*PROBLEM TO WORK ON*. Repeat the material exactly from its first line to the line that includes "Camponotus Formosensis". Skip pictures.

____ DATA EXCERPT

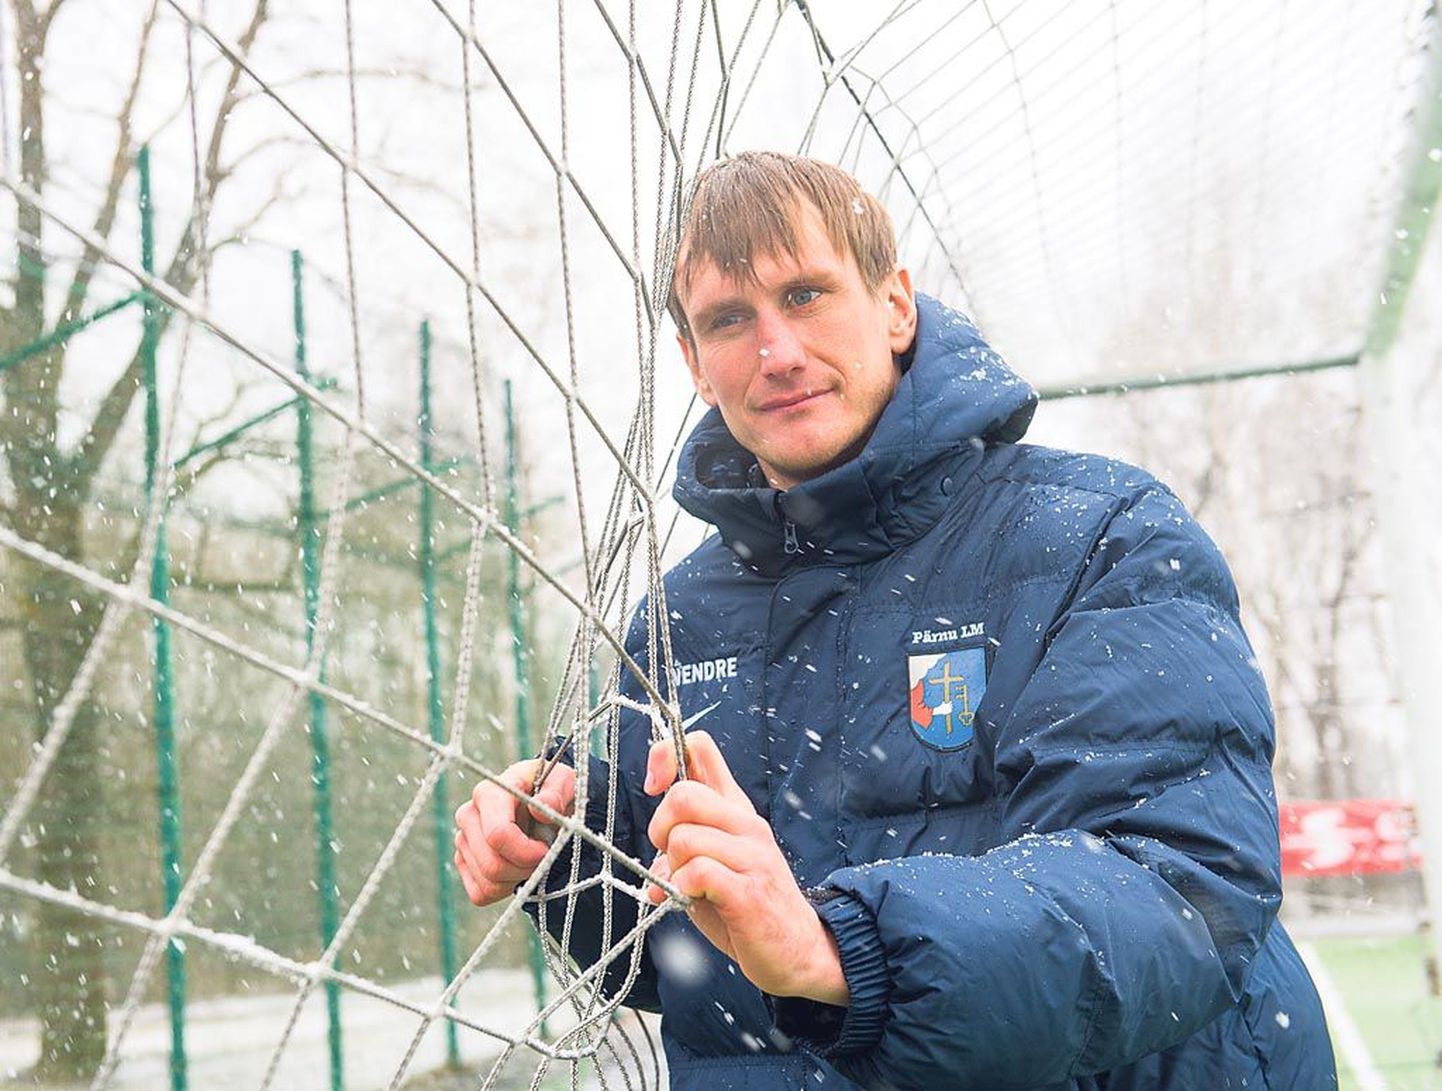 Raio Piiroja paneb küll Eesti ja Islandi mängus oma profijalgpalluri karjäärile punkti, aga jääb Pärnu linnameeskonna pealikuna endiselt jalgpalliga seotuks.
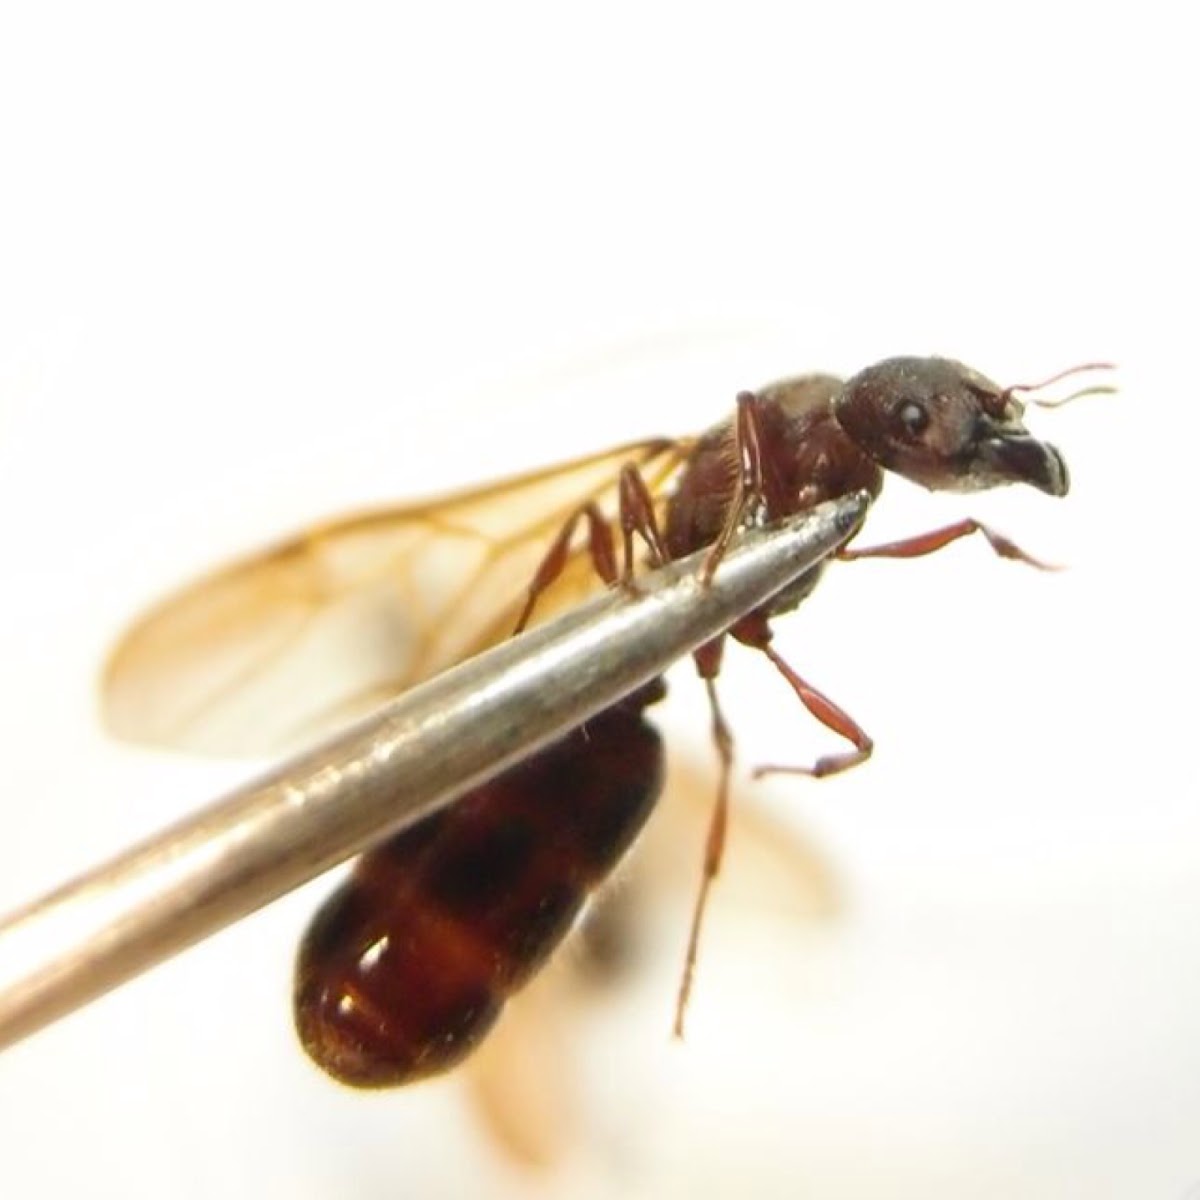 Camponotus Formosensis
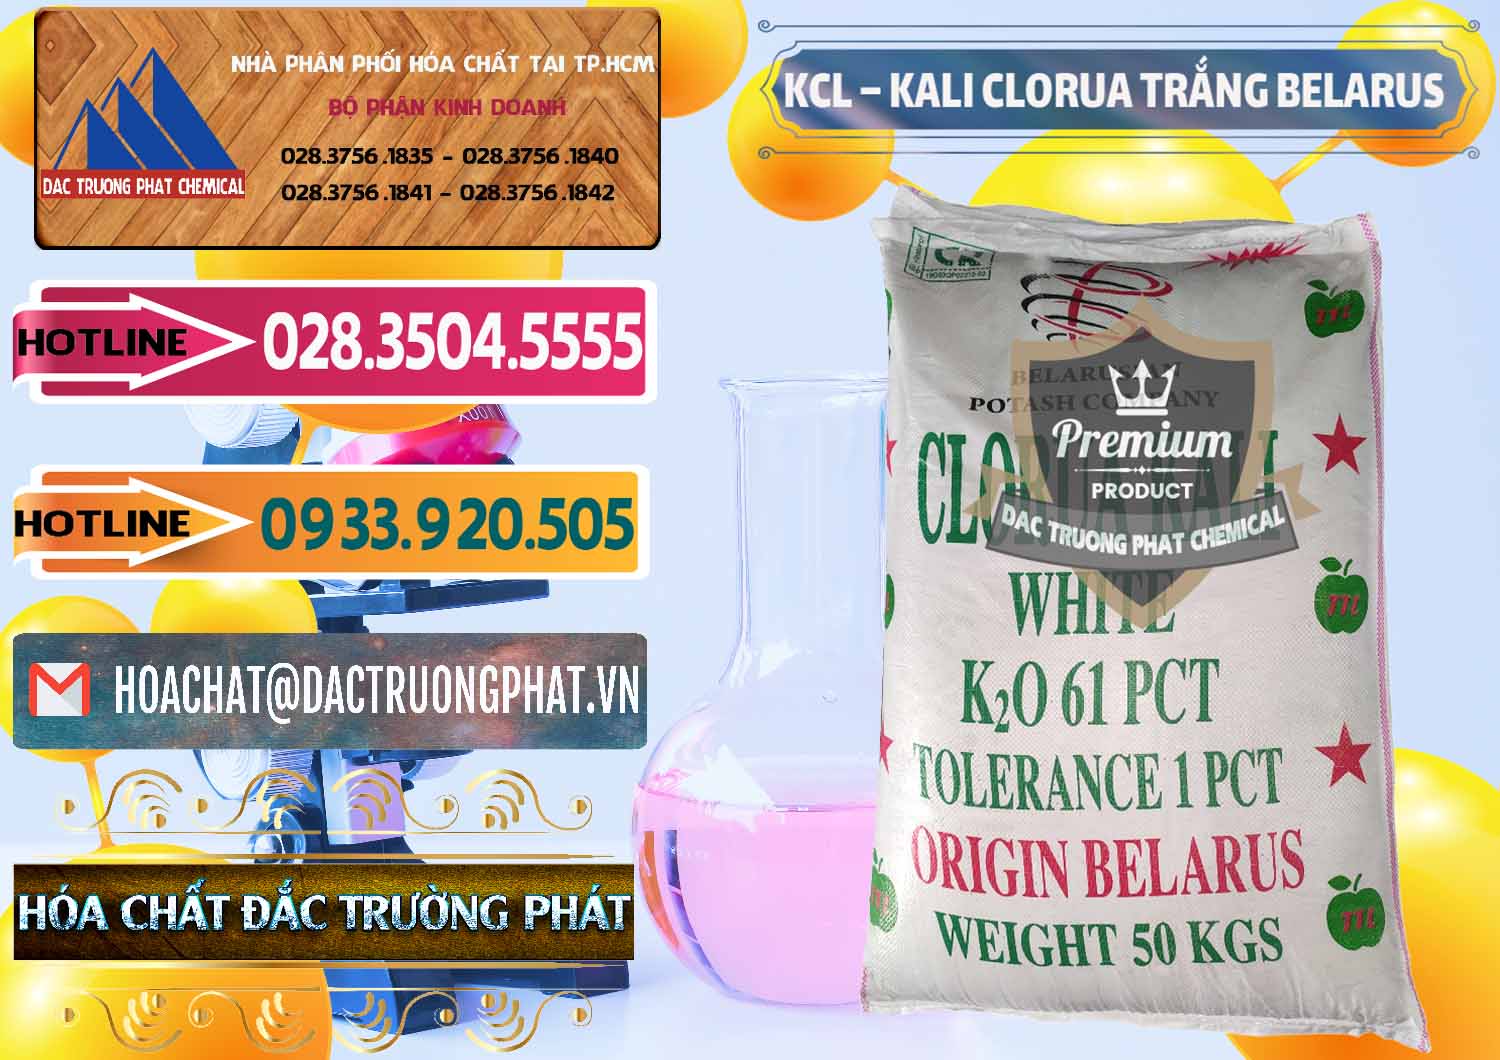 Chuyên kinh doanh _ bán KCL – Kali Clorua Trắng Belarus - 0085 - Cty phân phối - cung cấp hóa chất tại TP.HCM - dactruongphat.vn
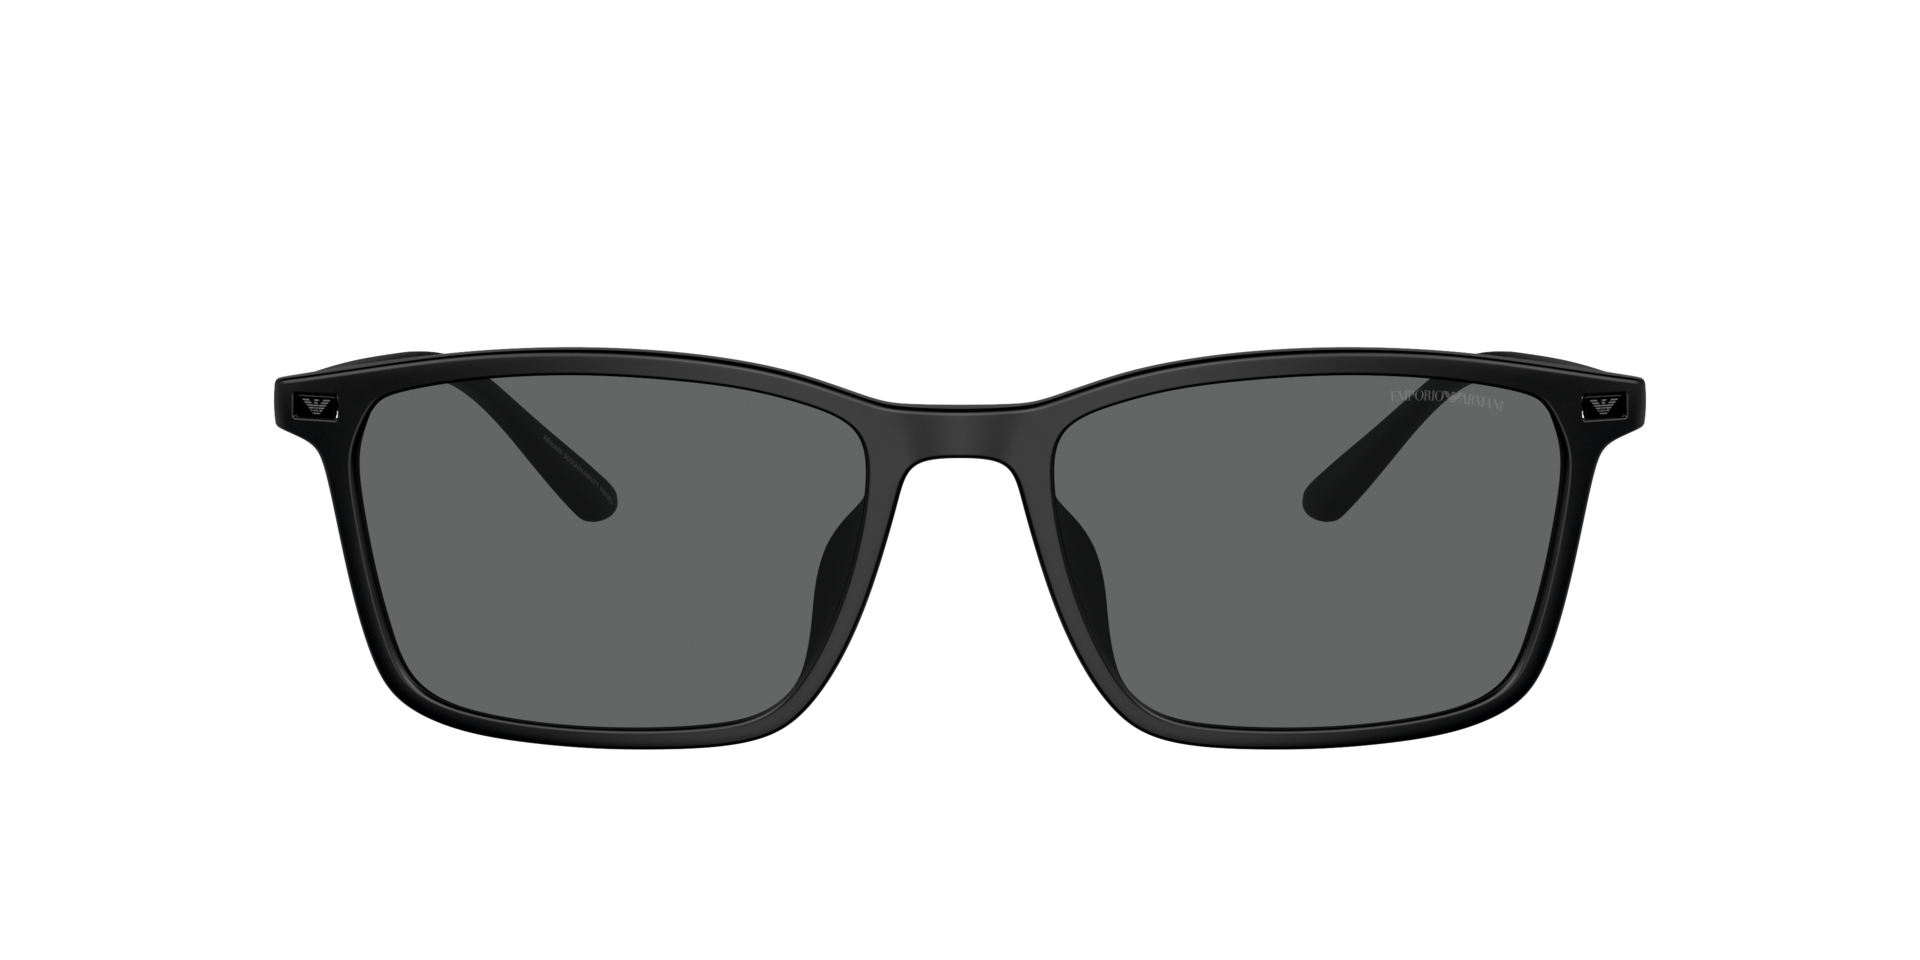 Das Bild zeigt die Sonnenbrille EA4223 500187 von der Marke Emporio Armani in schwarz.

________

*ANSWER SPACE*.
 Raio Piiroja paneb küll Eesti ja Islandi mängus oma profijalgpalluri karjäärile punkti, aga jääb Pärnu linnameeskonna pealikuna endiselt jalgpalliga seotuks.
 Camponotus Formosensis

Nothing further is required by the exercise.